Multi-agent reinfocerment learning for working with high-dimensional spaces

David L. Leottau, Javier Ruiz-del-Solar, Robert Babuška, Decentralized Reinforcement Learning of Robot Behaviors, Artificial Intelligence, Volume 256, 2018, Pages 130-159, DOI: 10.1016/j.artint.2017.12.001.

A multi-agent methodology is proposed for Decentralized Reinforcement Learning (DRL) of individual behaviors in problems where multi-dimensional action spaces are involved. When using this methodology, sub-tasks are learned in parallel by individual agents working toward a common goal.
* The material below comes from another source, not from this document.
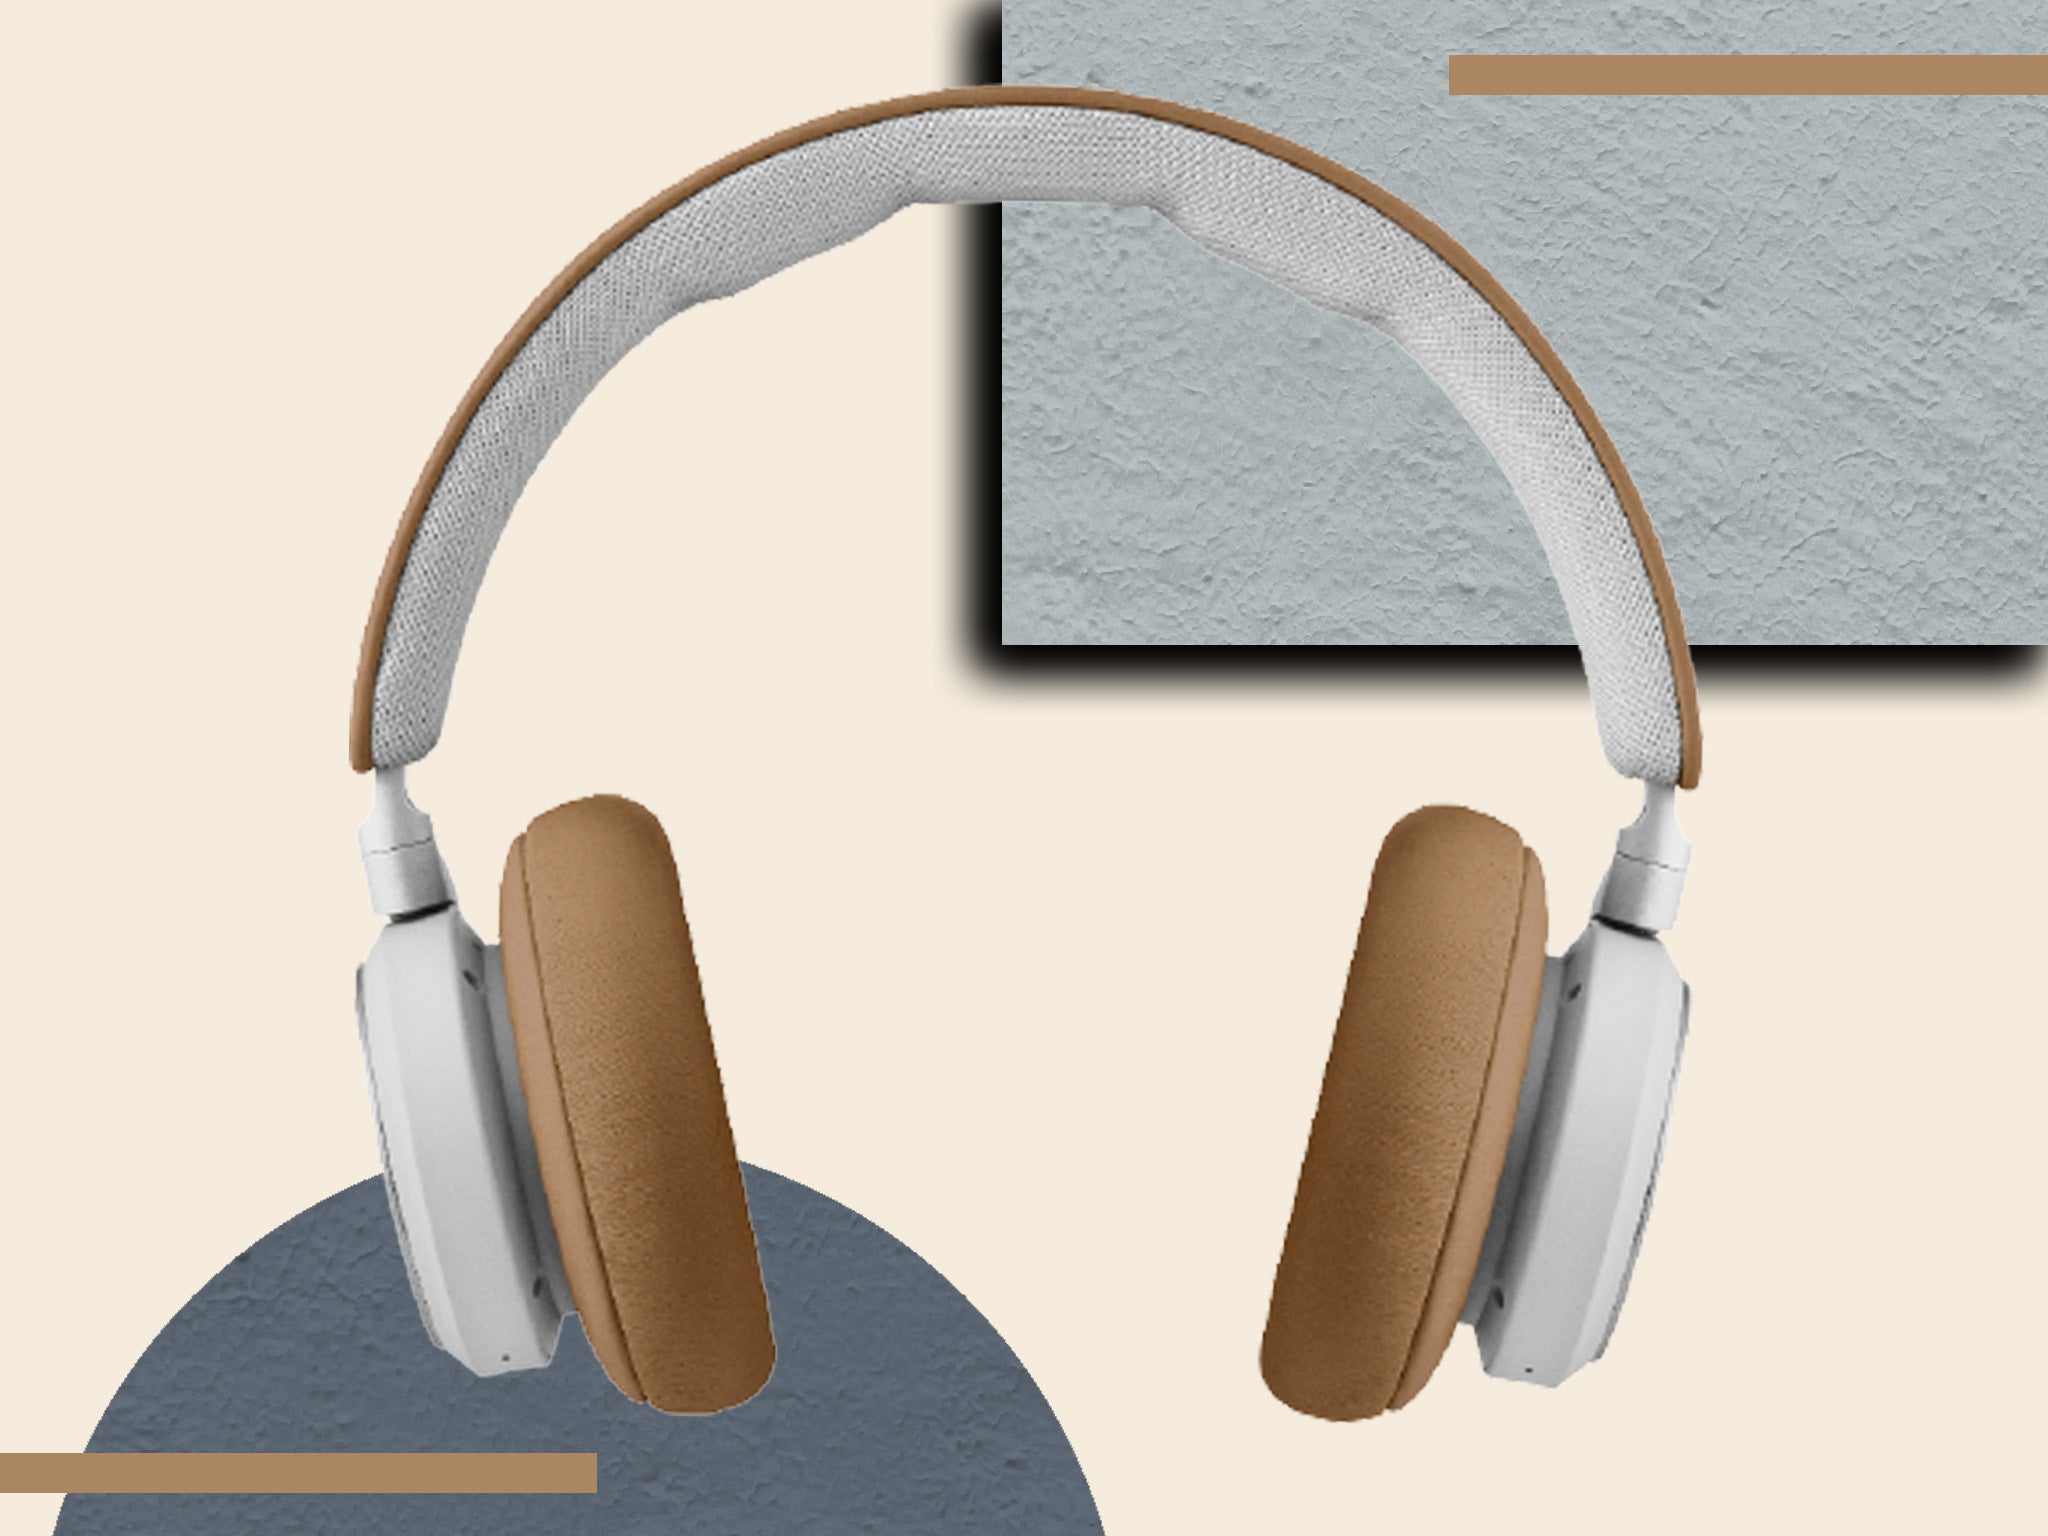 Has B&O successfully managed to balance sound quality with accurate noise-cancellation?

In addition to proposing this methodology, three specific multi agent DRL approaches are considered: DRL-Independent, DRL Cooperative-Adaptive (CA), and DRL-Lenient. These approaches are validated and analyzed with an extensive empirical study using four different problems: 3D Mountain Car, SCARA Real-Time Trajectory Generation, Ball-Dribbling in humanoid soccer robotics, and Ball-Pushing using differential drive robots. The experimental validation provides evidence that DRL implementations show better performances and faster learning times than their centralized counterparts, while using less computational resources. DRL-Lenient and DRL-CA algorithms achieve the best final performances for the four tested problems, outperforming their DRL-Independent counterparts. Furthermore, the benefits of the DRL-Lenient and DRL-CA are more noticeable when the problem complexity increases and the centralized scheme becomes intractable given the available computational resources and training time.